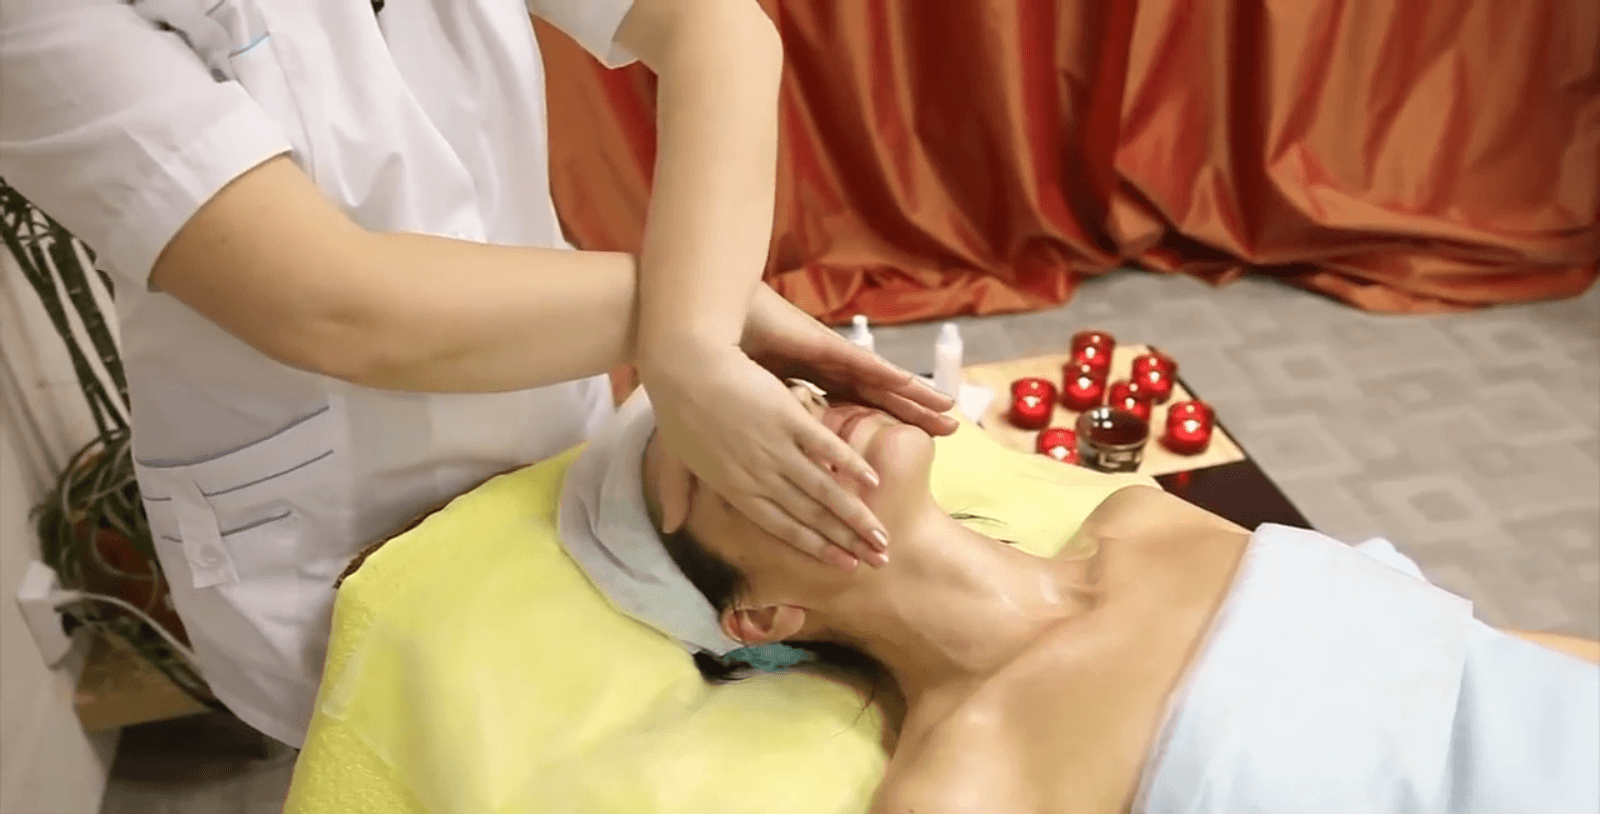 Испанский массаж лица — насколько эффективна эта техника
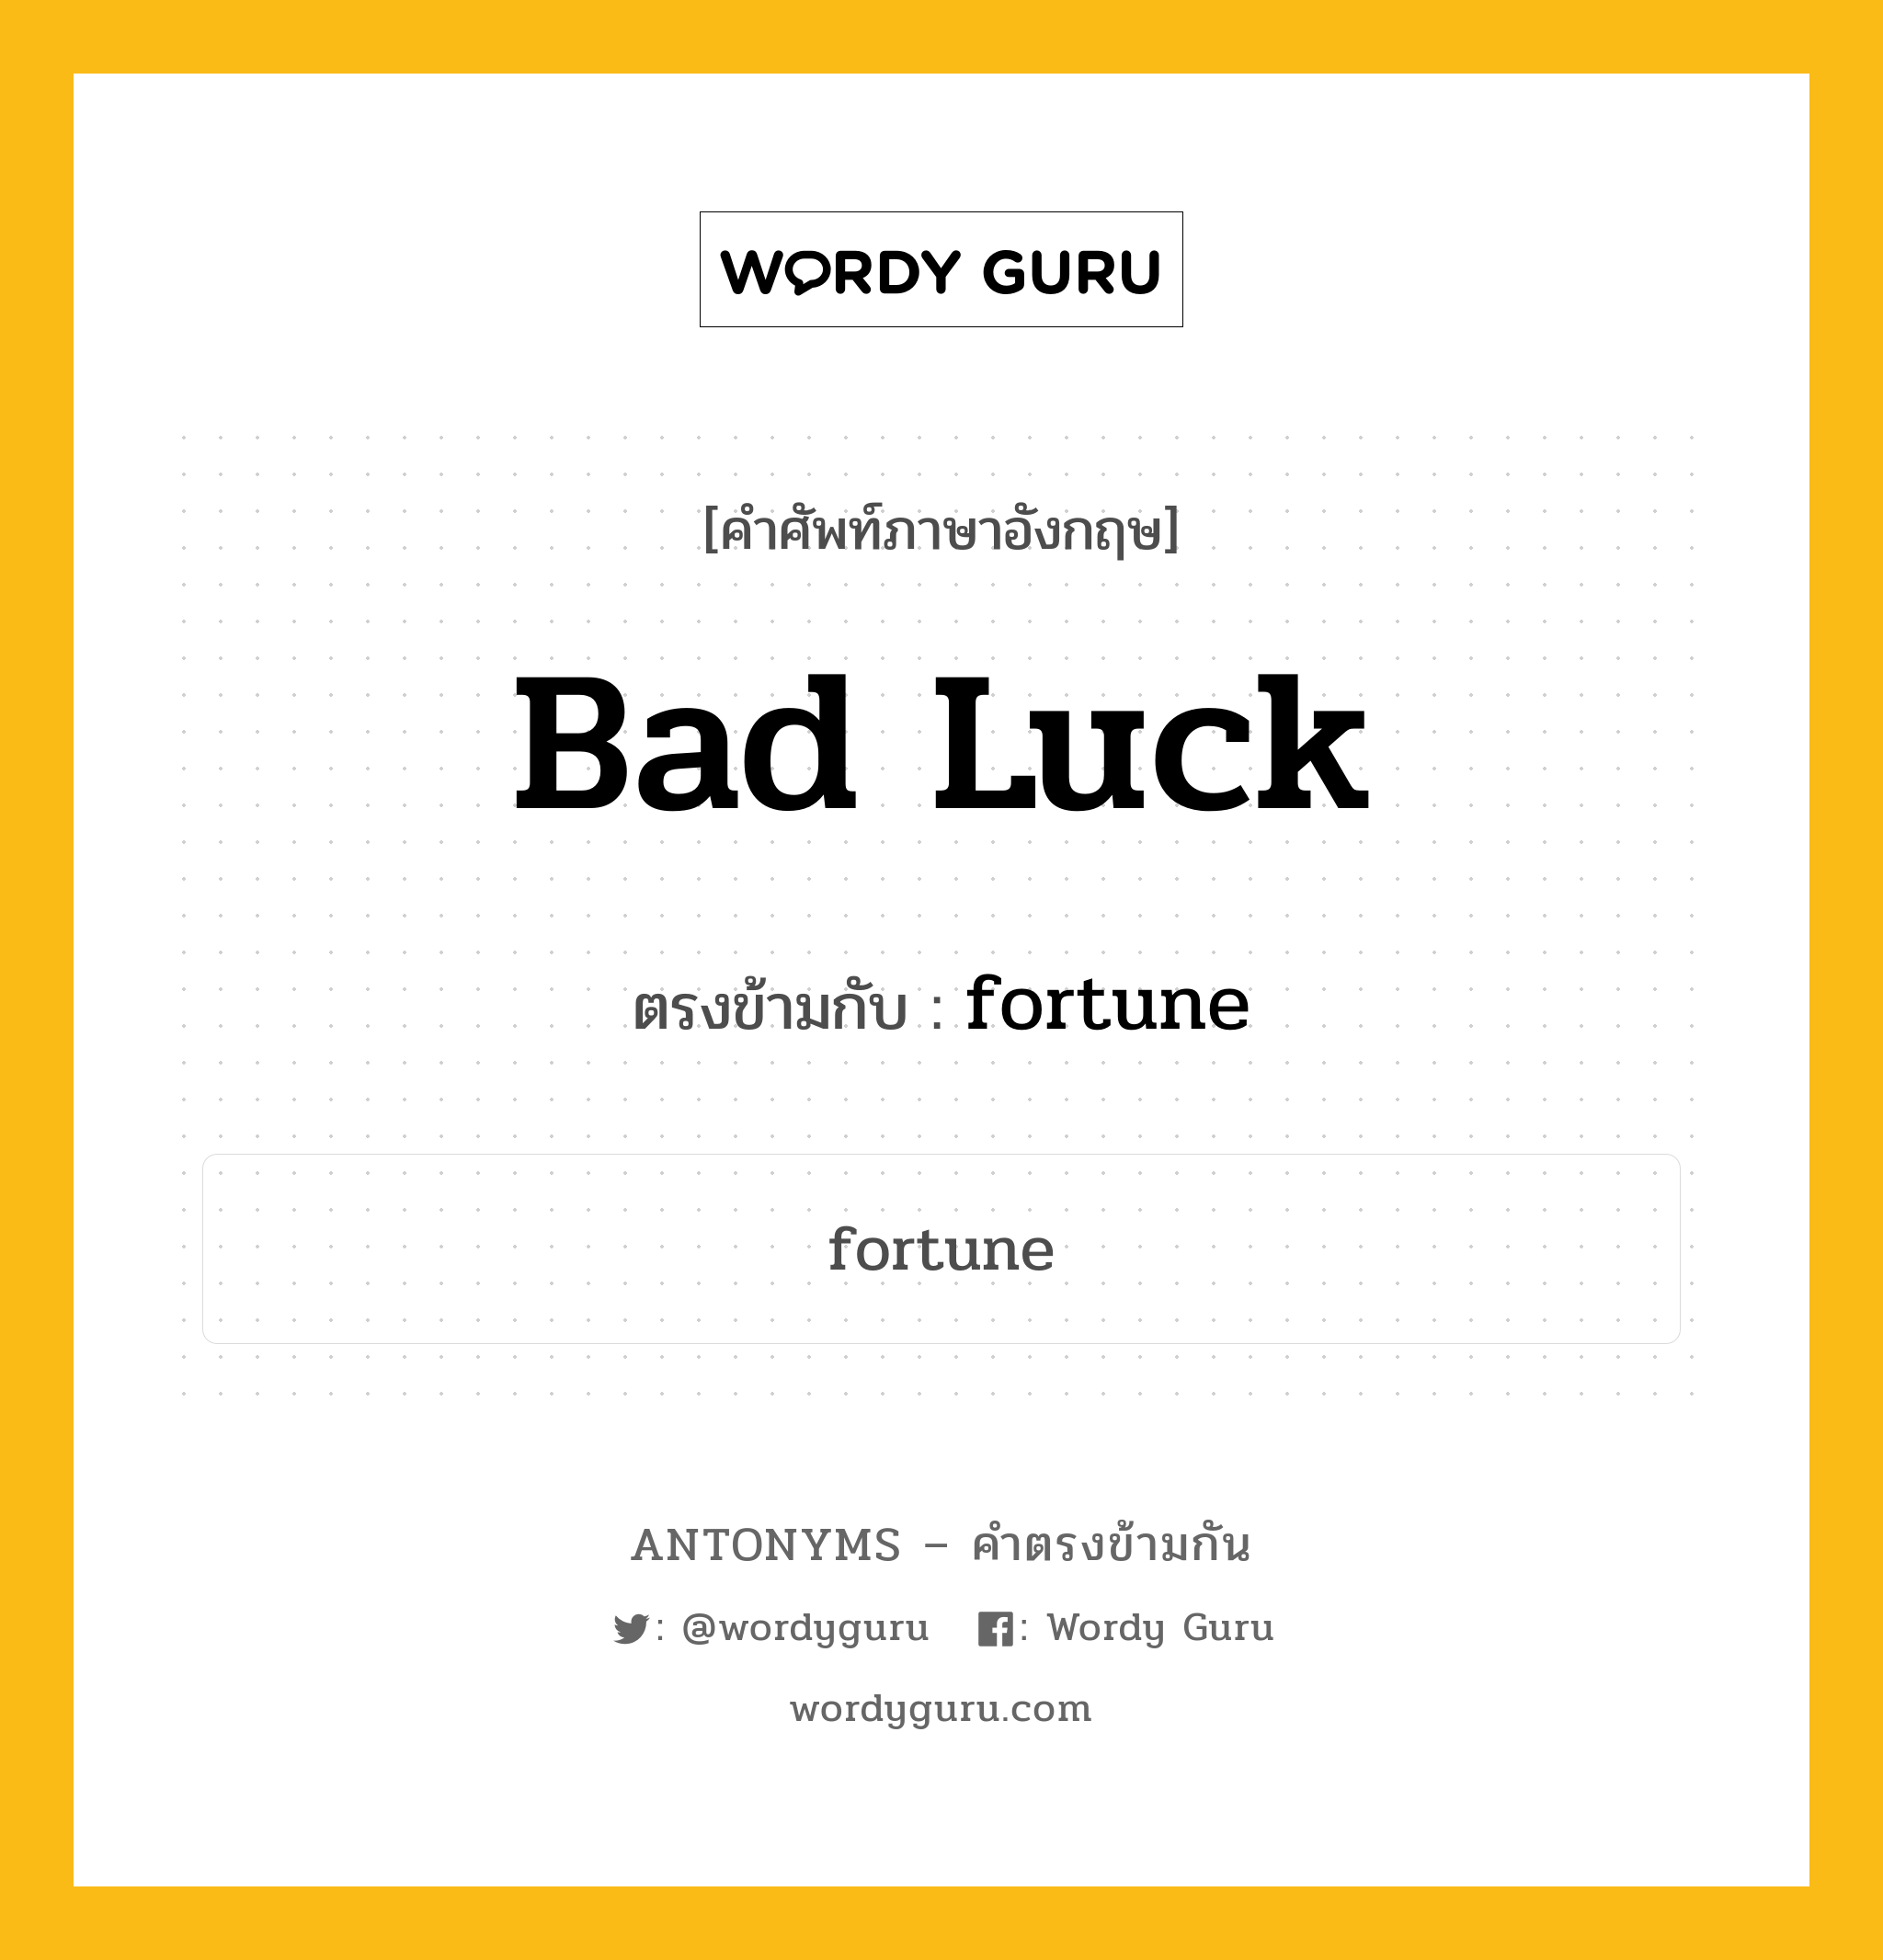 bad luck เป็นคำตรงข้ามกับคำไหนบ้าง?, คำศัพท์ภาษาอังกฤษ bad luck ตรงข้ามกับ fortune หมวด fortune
---+---
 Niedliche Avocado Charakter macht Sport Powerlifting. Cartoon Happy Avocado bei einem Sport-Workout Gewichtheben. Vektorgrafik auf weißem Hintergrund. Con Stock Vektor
---+---
## [What is expected]
Leave the pictures out. Output, exactly, the lines of the material above starting at the line containing "Испанский массаж лица" and ending at the line containing "bad luck เป็นคำตรงข้ามกับคำไหนบ้าง?, คำศัพท์ภาษาอังกฤษ".

## [Worked solution]
 Испанский массаж лица — насколько эффективна эта техника
 bad luck เป็นคำตรงข้ามกับคำไหนบ้าง?, คำศัพท์ภาษาอังกฤษ bad luck ตรงข้ามกับ fortune หมวด fortune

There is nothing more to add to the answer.